Embedded Bone Fragment Detection in Chicken Fillets using Transmittance Image Enhancement and Hyperspectral Reflectance Imaging

Authors: Yoon, Seung-Chul; Lawrence, Kurt; Smith, Douglas; Park, Bosoon; Windham, William

Submitted to: Sensing and Instrumentation for Food Quality and Safety
Publication Type: Peer Reviewed Journal
Publication Acceptance Date: 3/20/2008
Publication Date: 4/15/2008
Citation: Yoon, S.C., Lawrence, K.C., Smith, D.P., Park, B., Windham, W.R. 2008. Embedded bone fragment detection in poultry using transmittance image enhancement and hyperspectral reflectance imaging.

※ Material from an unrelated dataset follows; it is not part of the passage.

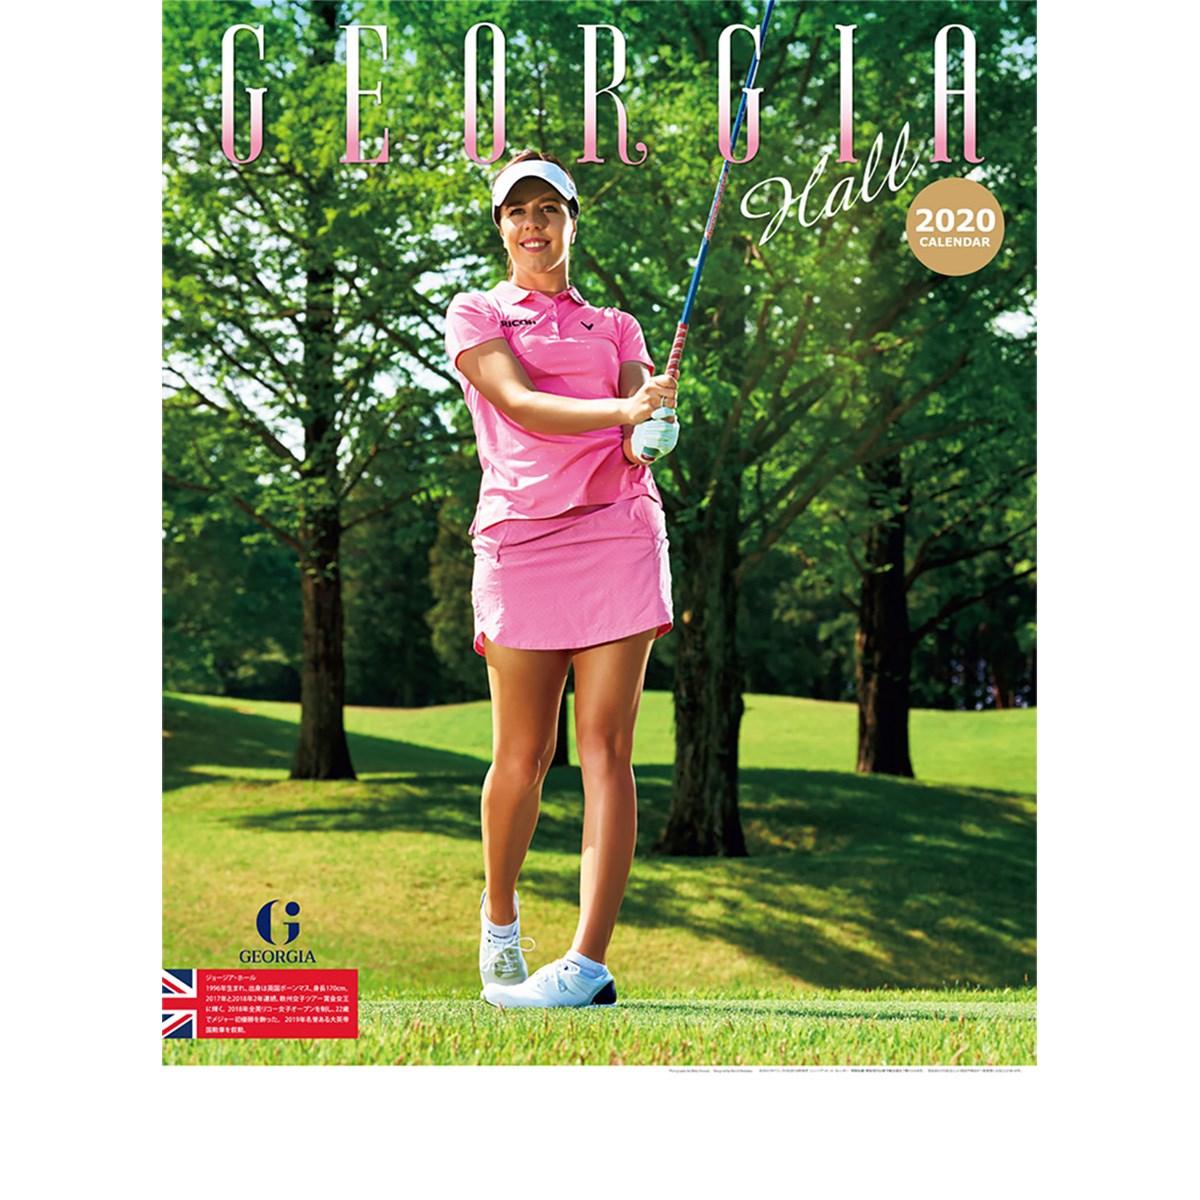 ゴルフダイジェスト(GolfDigest) 2020ジョージア・ホールカレンダー

Sensing and Instrumentation for Food Quality and Safety, 10.1007/s11694-008-9044-1 (online version).

Interpretive Summary: Bone fragments embedded in poultry products pose a physical hazard to consumers, especially, to children, may cause injury, and thus, need to be detected. The predominant technology for bone detection is X-ray imaging which is based on the projection of ionizing radiation through a meat sample onto an image detector. Optical imaging, which is based on non-ionizing light at the visible and near-infrared spectral range, has not been fully explored to measure the internal and functional information of uncooked or cooked poultry products. The overall objective of this research was to study how reflectance spectra can be exploited for detection of bone fragments in compressed chicken fillets. The study found that the use of both hyperspectral transmittance and reflectance images were necessary to make the bone detection task via optical imaging feasible. This finding may contribute to the development of an online and real-time bone detection system in industry.

Technical Abstract: This paper is concerned with the detection of bone fragments embedded in compressed de-boned skinless chicken breast fillets by enhancing single-band transmittance images generated by back-lighting and exploiting spectral information from hyperspectral reflectance images. Optical imaging of chicken fillets is often dominated by multiple scattering properties of the fillets. Thus, resulting images from multiple scattering are diffused, scattered and low contrast. In this study, a fusion of hyperspectral transmittance and reflectance imaging, which is a non-ionized and non-destructive imaging modality, was investigated as an alternative method to the conventional transmittance X-ray imaging technique which is an ionizing imaging modality. An image formation model, called an illumination-transmittance model, was applied for correcting non-uniform illumination effects so that embedded bones are more easily detected by a simple segmentation method using a single threshold value. Predicted bones from the segmentation were classified by the nearest neighbor classifier that was trained by the spectral library of mean reflectance of some chicken tissues like fat, meat and embedded bones. Experimental results with chicken breast fillets and bone fragments are provided.